This article needs additional citations for verification. (February 2013) |
Liao River Liao He | |
---|---|
Native name | 辽河 |
Location | |
Country | China |
Province | Hebei, Inner Mongolia, Jilin, Liaoning |
Physical characteristics | |
Source | various sources of its tributaries |
Mouth | Liaodong Bay |
Length | 1,345 km (836 mi) |
Basin size | 232,000 km2 (90,000 sq mi) |
The Liao River (simplified Chinese: 辽河; traditional Chinese: 遼河; pinyin: Liáo Hé) is the principal river in southern Northeast China, and one of the seven main river systems in China. Its name is derived from the Liao region, a historical name for southern Manchuria, from which the Liaoning province, Liaodong Peninsula, and Liao dynasty also derive their names.[1] The river is also popularly known as the "mother river" in Northeast China.[2] Coursing 1,345 kilometres (836 mi) long, the Liao River system drains a catchment basin of over 232,000 square kilometres (90,000 sq mi), but its mean discharge is quite small at only about 500 cubic metres per second (18,000 cu ft/s), about one-twentieth that of the Pearl River. The Liao River has an exceedingly high sediment load because many parts of it flow through powdery loess.

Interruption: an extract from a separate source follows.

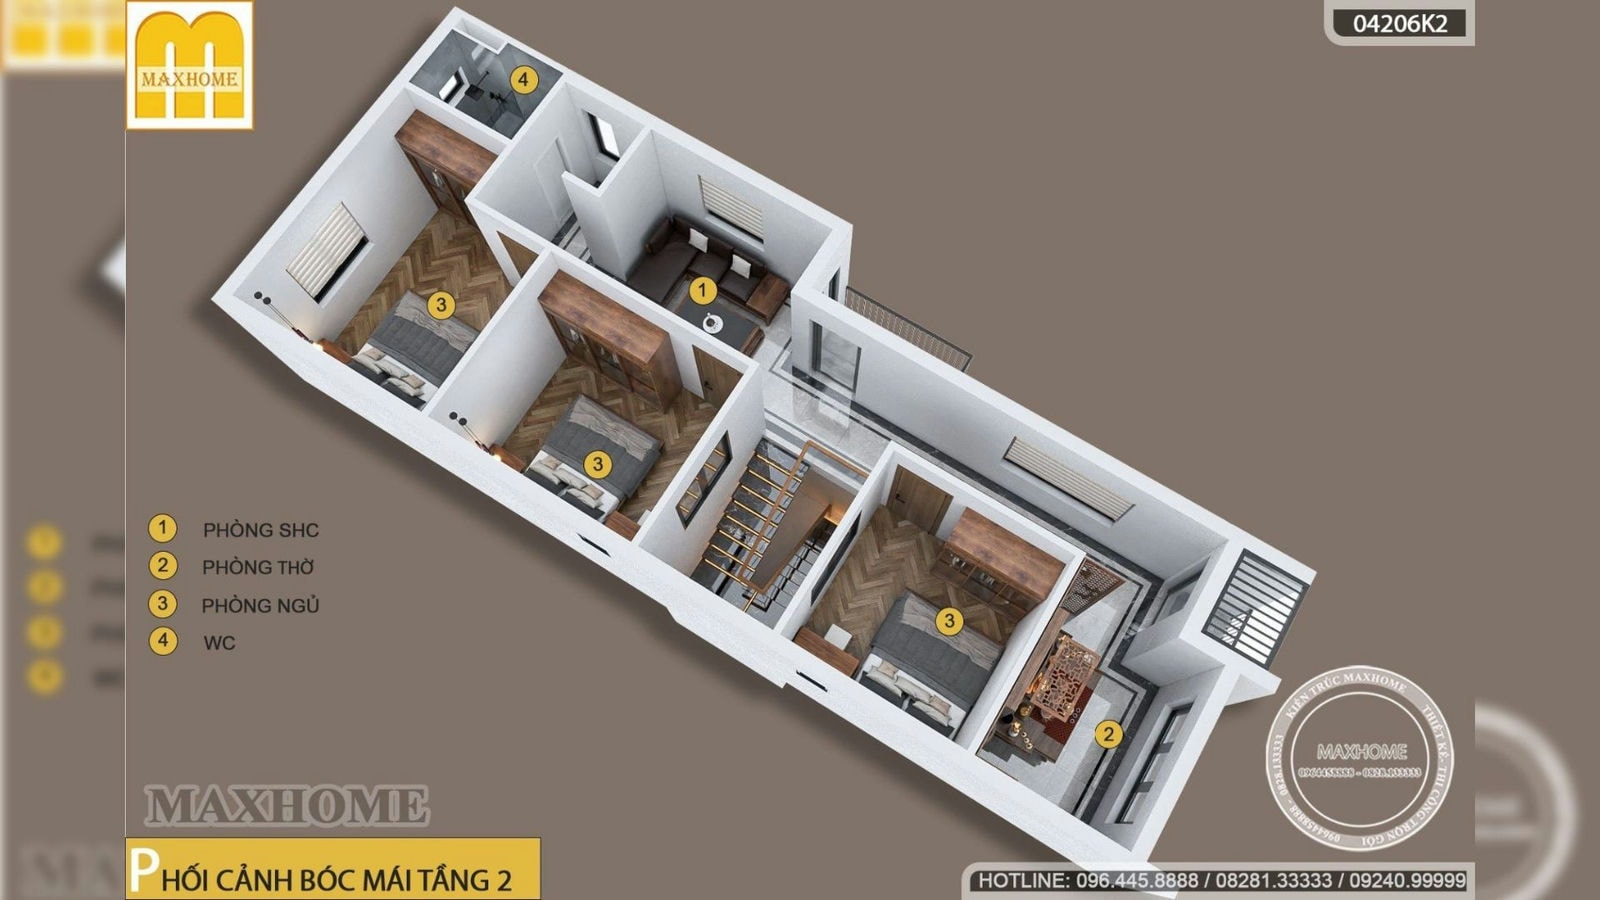 Gợi ý mẫu nhà hiện đại 2 tầng mái bằng GIÁ RẺ bất ngờ ở Gia Viễn | MH02390

The Liao River is also an important geographical landmark, as it divides the modern Liaoning province into two broad regions — Liaodong ("east of Liao") and Liaoxi ("west of Liao"). Historically, this demarcation though was not based on the river itself, but on a large wetland that once existed on the right (west) bank of the lower Liao River known as the Liao Mire (辽泽), which stretched east of the Yiwulü Mountain to the Liao River from Xinmin to Panshan.